If there isn't a path, we can easily pick a new target that there is a path to. First find every region that can be reached from the source, sort them by approximate distance from the original target, then check every cell within each reachable region until we've found the one that's precisely nearest the original target, and use that cell as the new target.

After all of this, we can now run the A* algorithm as normal, but with the guarantee that the A* will never have to deal with the unreachable-target case by itself, so we avoid its worst-case performance and allow the JPS optimisations. So that's nice.

This is basically the first part of the MM-Abstraction design (used by Dragon Age). But they use the high-level region graph to find actual paths, whereas I'm (currently) only using it for testing reachability. Their approach can compute non-shortest paths (potentially making units move in ways that look stupid to the player), and they have to include various hacks to minimise that problem and smooth out the paths. I think a better approach might be to use the high-level graph to compute a more accurate heuristic in the JPS-optimised A* algorithm, so that it still guarantees optimal paths but will tend to find the target in fewer steps. But that's future work and not needed at this stage.

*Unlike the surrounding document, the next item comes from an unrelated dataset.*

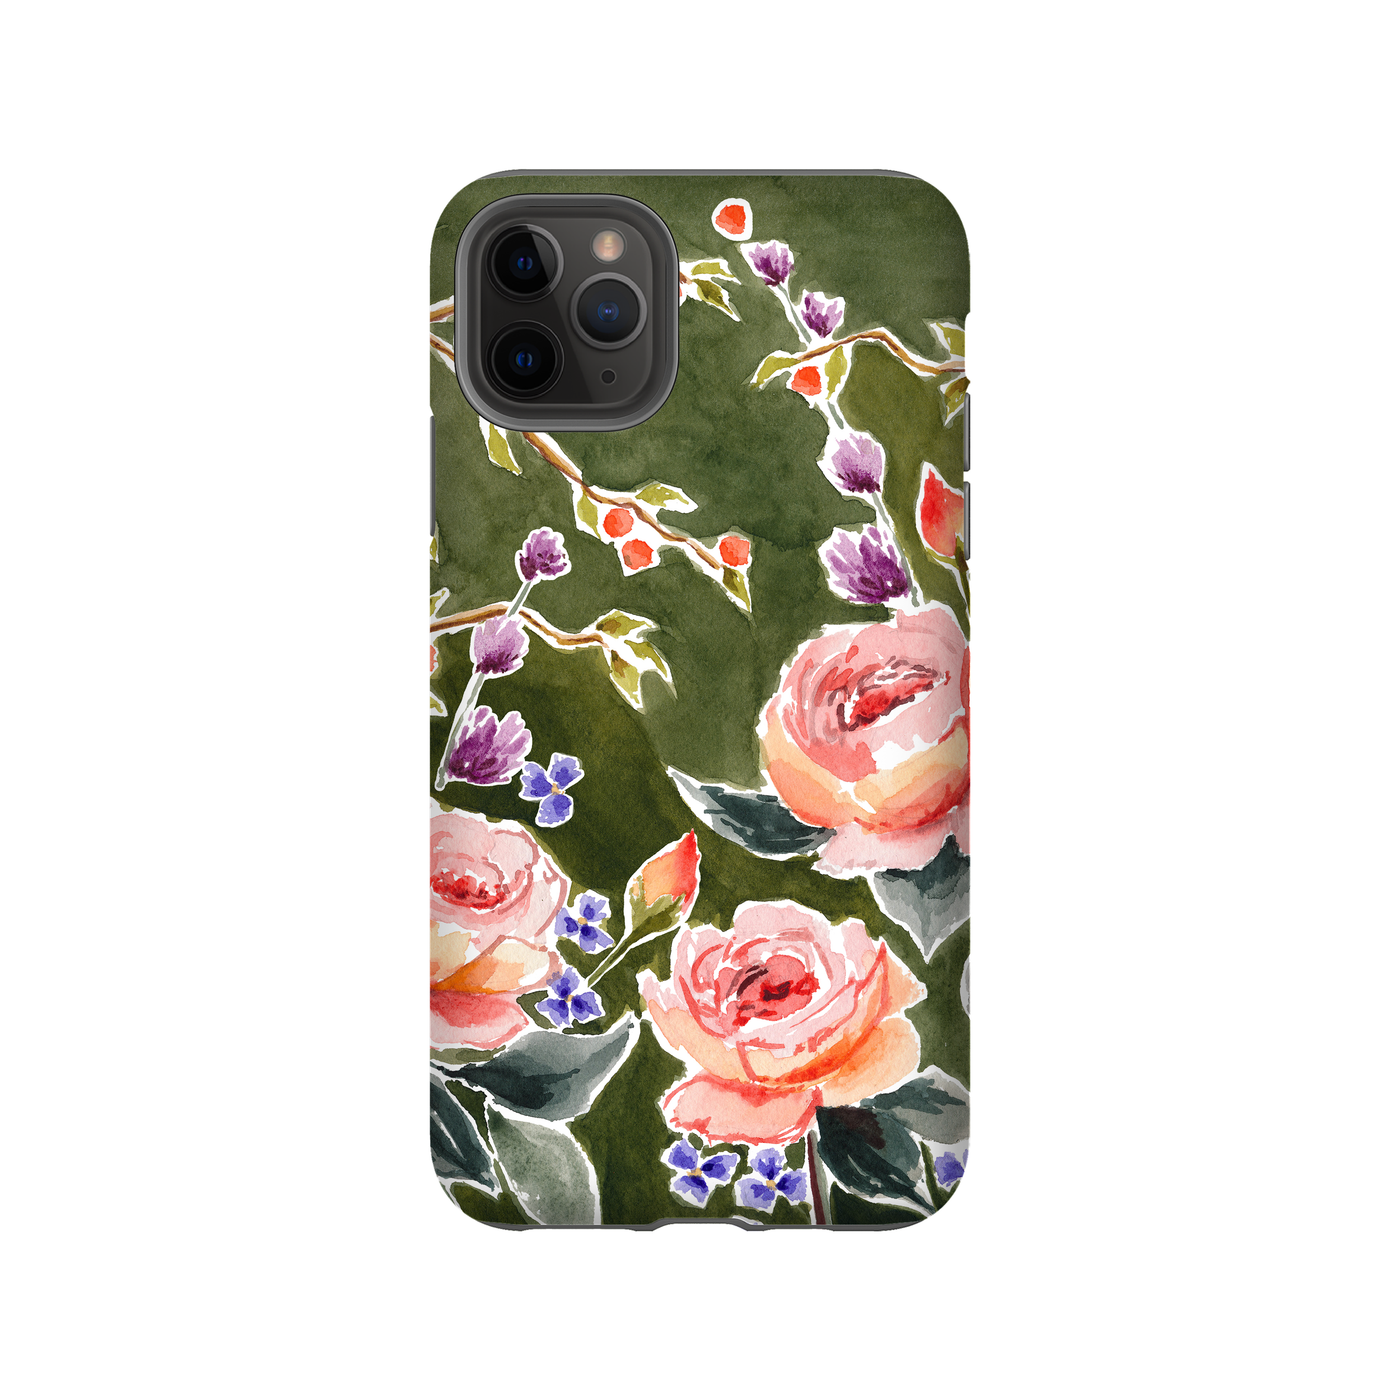 MYSTERY PHONE CASE iPhone 11 Pro Max

Another difference is their design tries to optimise memory usage, whereas my implementation is pretty dumb and totally unoptimised and is happy to throw dozens of megabytes of RAM at the problem. I think my next steps are to ensure everything's working correctly and consistently, and integrate it properly with the rest of the engine, and then do some performance measurements and optimisations, and then it should actually be usable.

Philip Taylor
[aka Ykkrosh]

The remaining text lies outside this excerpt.